Part of what’s strange about this is that when Turban was asked, under oath during a deposition, if he could think of a situation in which other mental health problems might interfere with diagnostic clarity in a youth gender medicine context, he readily summoned an example from his own experience. After noting that he was changing certain details due to privacy concerns, Turban explained that one of his patients

enjoyed ballet, like a stereotypical female activity, and wondered if that meant that he was trans. The more we talked to him, we realized that no, he just likes that particular activity, but still very much identified as male and certainly didn’t actually have a disconnect between his gender identity and his sex assigned at birth. Certainly didn’t have any problem with his physical body or primary or secondary sex characteristics. And the more we talked through it, it seemed clear, you know, he didn’t have gender dysphoria. But maybe at first glance he did have suspicion for it because of how he was describing this rigid thinking around gender roles’ [sic in transcript] behavior.
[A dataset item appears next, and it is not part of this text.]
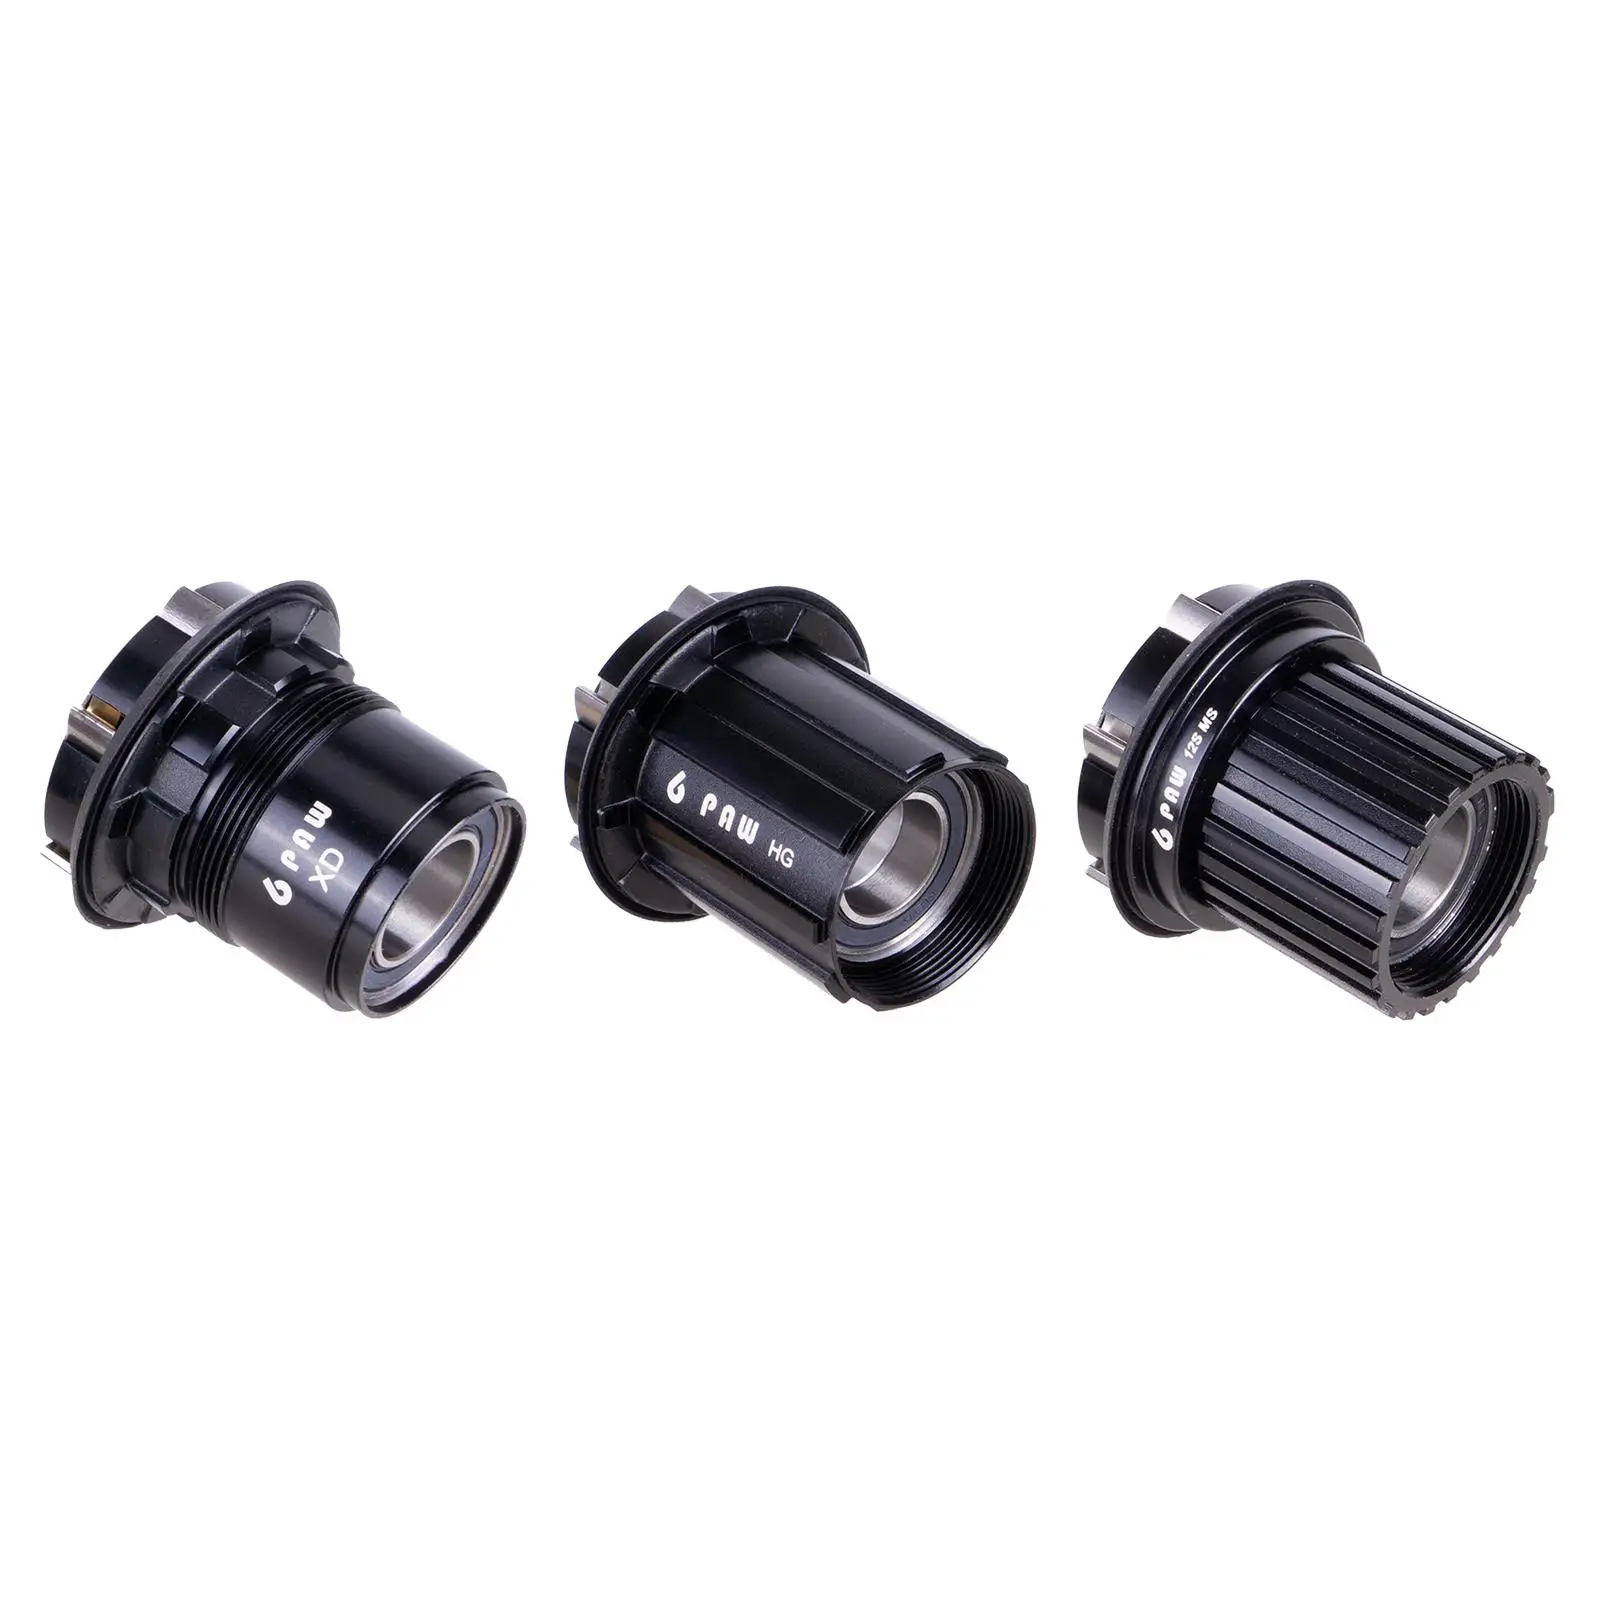 Solid Hub Driver Adapter Bicycle Free Hub Body Carbon Steel Components Parts High Strength MTB Bike Freehub Body for 8-12 Speed

Turban presented this realization as one that occurred to him and his peers over time, as they got to know this kid. This sounds like a. . . thorough assessment. So Turban is inconsistent on this issue, and sometimes appears to talk out of both sides of his mouth,but in his public statements he has tended to express significant skepticism toward assessment.

Meredithe McNamara, meanwhile, told Chris Cuomo that “Kids know their genders — unequivocally.” The whole theory of youth gender medicine is that it aligns young people’s bodies with their “real” (felt) gender. So if kids know their genders unequivocally, what possible reason could there be to subject them to comprehensive assessments prior to providing them with blockers and hormones?

McNamara and her co-authors are being a little bit slippery in their language here by referencing written standards, which often do nod to the importance of assessment, rather than their own opinions. But these standards are totally nonbinding and have tended to be quite vague. The second most-recent version of the World Professional Association for Transgender Healthcare’s Standards of Care, Version 7, had almost nothing about assessment.

This was the entire section on that subject:

The SoC 8 offers a considerably beefed-up treatment of this subject, but its predecessor clearly indicates that youth gender medicine assessment was, for a significant period, not a major priority or concern for WPATH. 

The Endocrine Society’s current guidelines, meanwhile, call for assessment by trained mental-health practitioners prior to the administration of blockers or hormones, but offer almost zero guidance on exactly what that assessment should entail. There’s just almost nothing there.

So overall, McNamara and her team paint a clear picture that basically all the experts agree that comprehensive assessments prior to youth gender medicine are important. That just isn’t the case. In fact, there’s rather fierce disagreement on this, which is part of the reason the Cass Review came about in the first place.

***

McNamara and her colleagues write:

Most of the Review’s known contributors have neither research nor clinical experience in transgender healthcare. The Review incorrectly assumes that clinicians who provide and conduct research in transgender healthcare are biased. Expertise is not considered bias in any other realm of science or medicine, and it should not be here. Further, many of the Review’s authors’ identities are unknown. [footnote] Transparency and trustworthiness go hand-in-hand, but many of the Review’s authors cannot be vetted for ideological and intellectual conflicts of interest. 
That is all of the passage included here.